— Нет, не рассказал, — ответил Федька с уверенностью. — Если б кому-нибудь из фартовых рассказал – пришлось бы делиться барышом.

— Вот и я так думаю, — кивнул Бежевый. — Прекрасно! Стало быть, с этой стороны мы неуязвимы. Значит, первое звено в нашей цепи вполне крепкое. Пойдем дальше. Предположим, очнется он через десять минут живой и здоровый перед моей дверью. Сунет руку в карман – там деньги и револьвер. Что он станет делать?

— Ухлопать вас решит.

— Безусловно! Однако решить – это еще не значит сделать. Через дверь-то он вряд ли станет палить, так?

— Так…

— Поджидать, когда я выйду – дело долгое, согласен?

— Согласен…

— Пойдет закладывать меня в ГПУ?

Федька решился хмыкнуть:

— Это бывший-то беляк, да еще с револьвером в кармане? Так ему там и дадут слово сказать!

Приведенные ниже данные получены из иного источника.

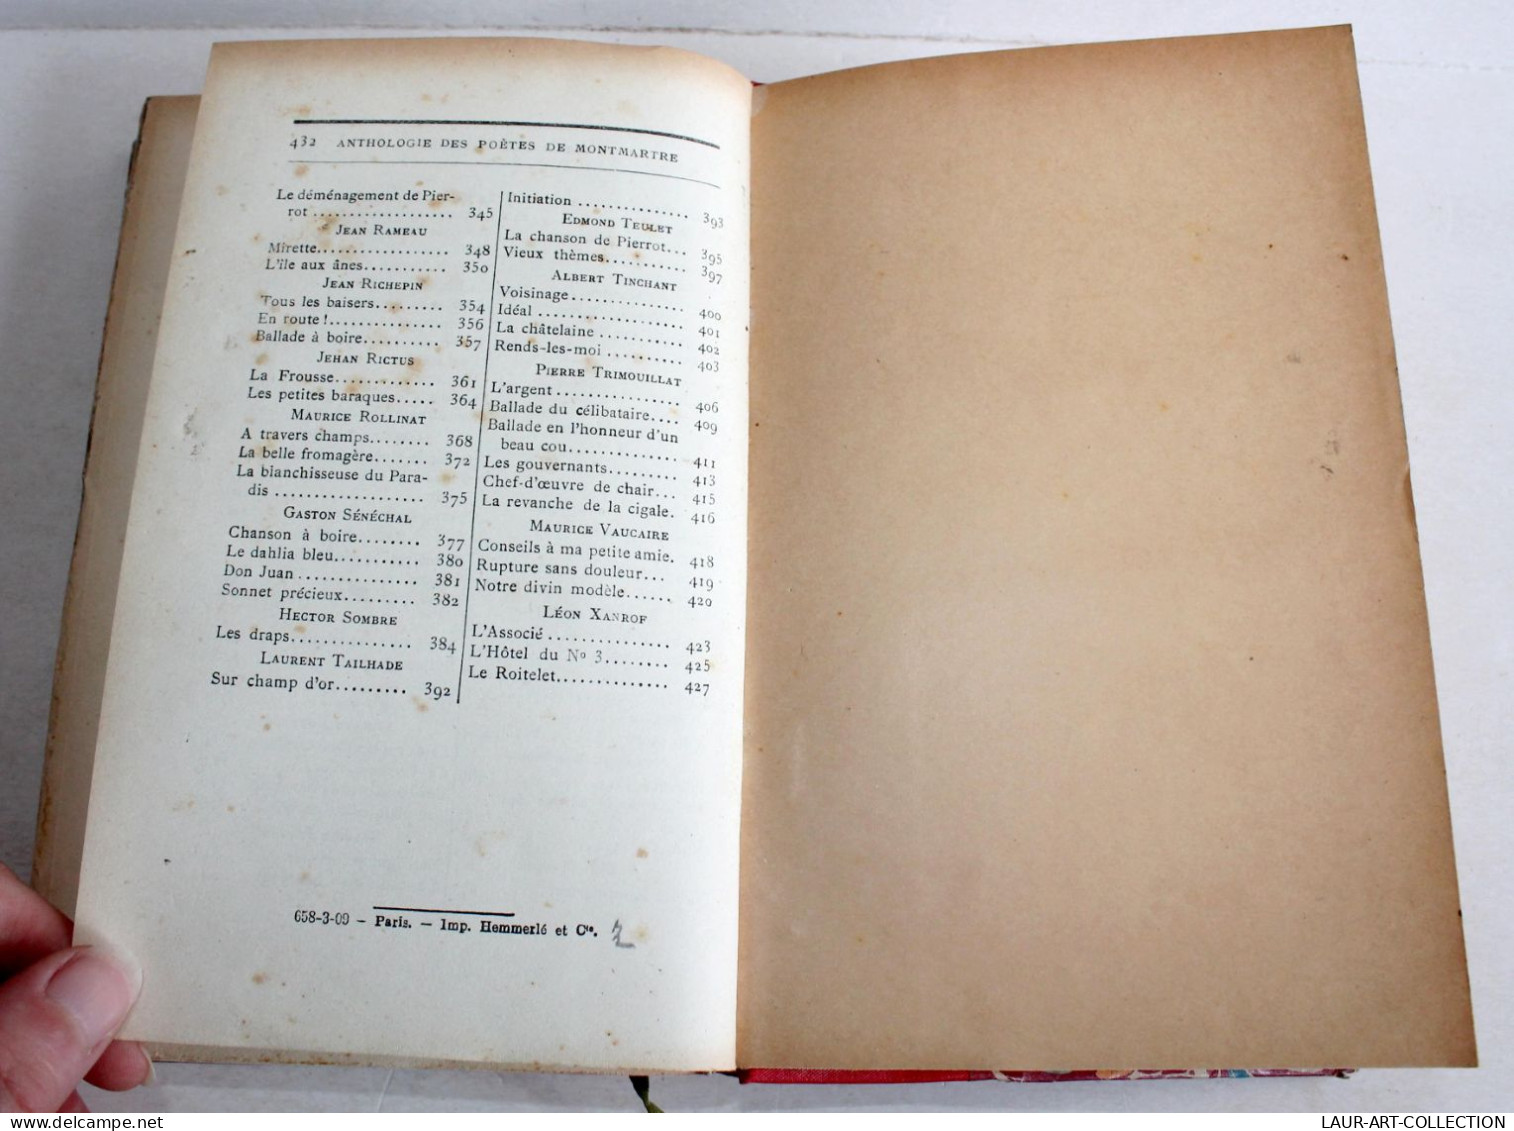 ANTHOLOGIE DES POETES DE MONTMARTRE par B. MILLANVOYE + NOTES BIOGRAPHIQUES 1909 / LIVRE ANCIEN XXe SIECLE (1803.255)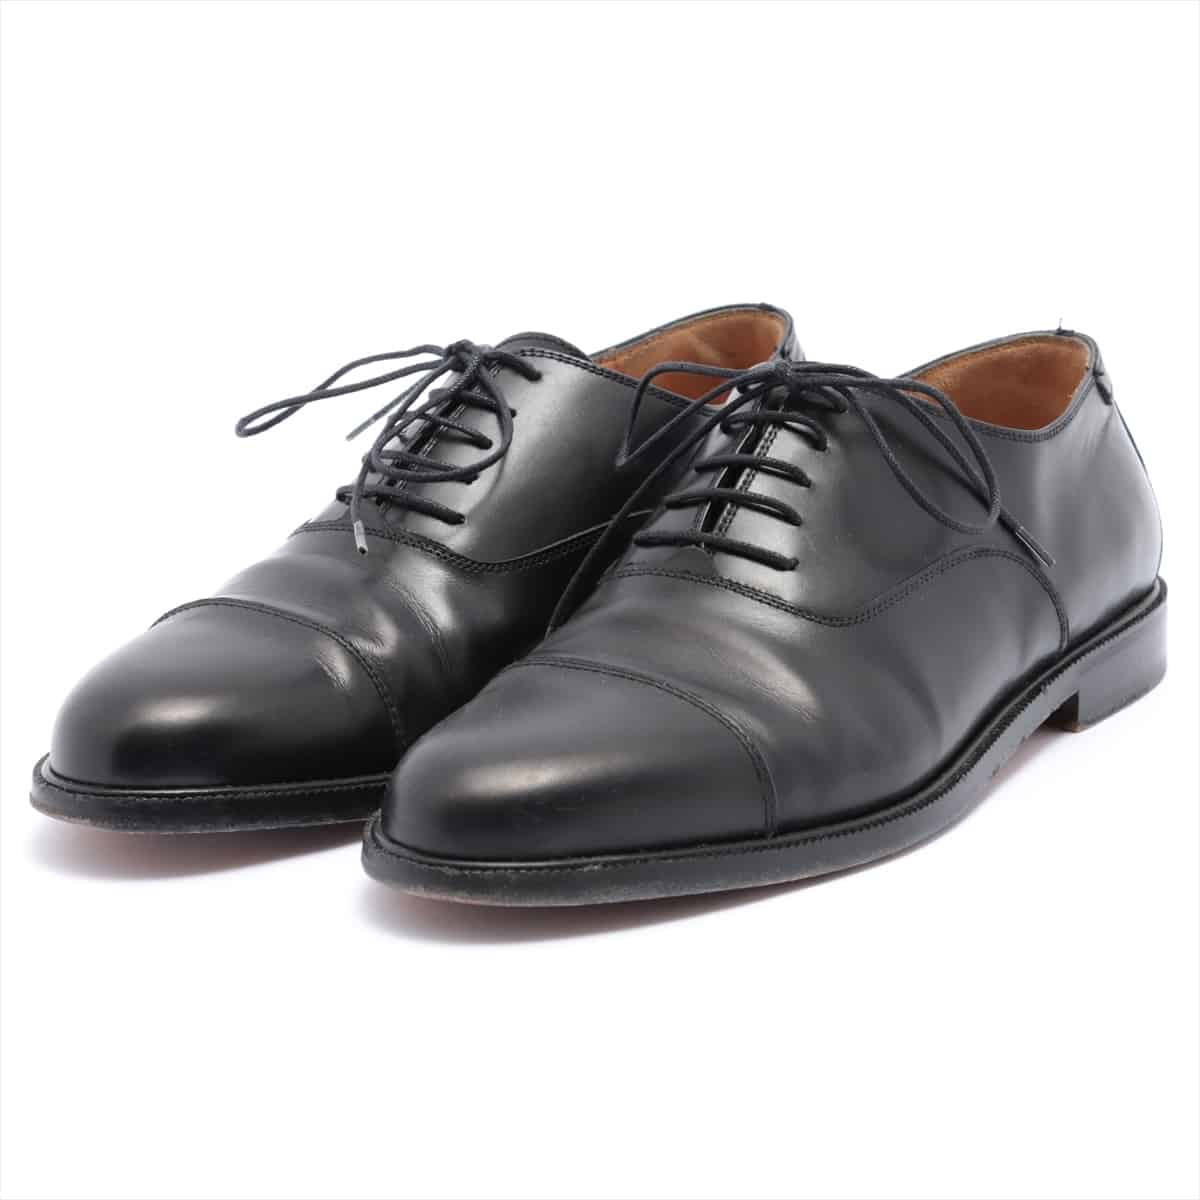 Ferragamo Leather Leather shoes 7 Men's Black

— Все верно, — согласился Бежевый. — Но есть и еще один аргумент. Если он все же решит донести, то навсегда потеряет меня в качестве дойной коровы. Выходит, по целым двум причинам он на такую глупость ни за что не пойдет. Так что и с этой стороны опасаться нам нечего. Значит, единственное, что ему остается – это когда-нибудь еще раз меня подловить и с наганом войти в квартиру. Но сегодня, он понимает, у него это едва ли выйдет. Стало быть, он вынужден какое-то время подождать удобного случая… Теперь пойдем дальше. Вместе с револьвером он находит в кармане деньги и, найдя их, понимает, что это имеющееся у него время можно провести с пользой для себя. Ну-ка, что он выберет?

— Конечно, сперва деньги пропить, — сказал Федька.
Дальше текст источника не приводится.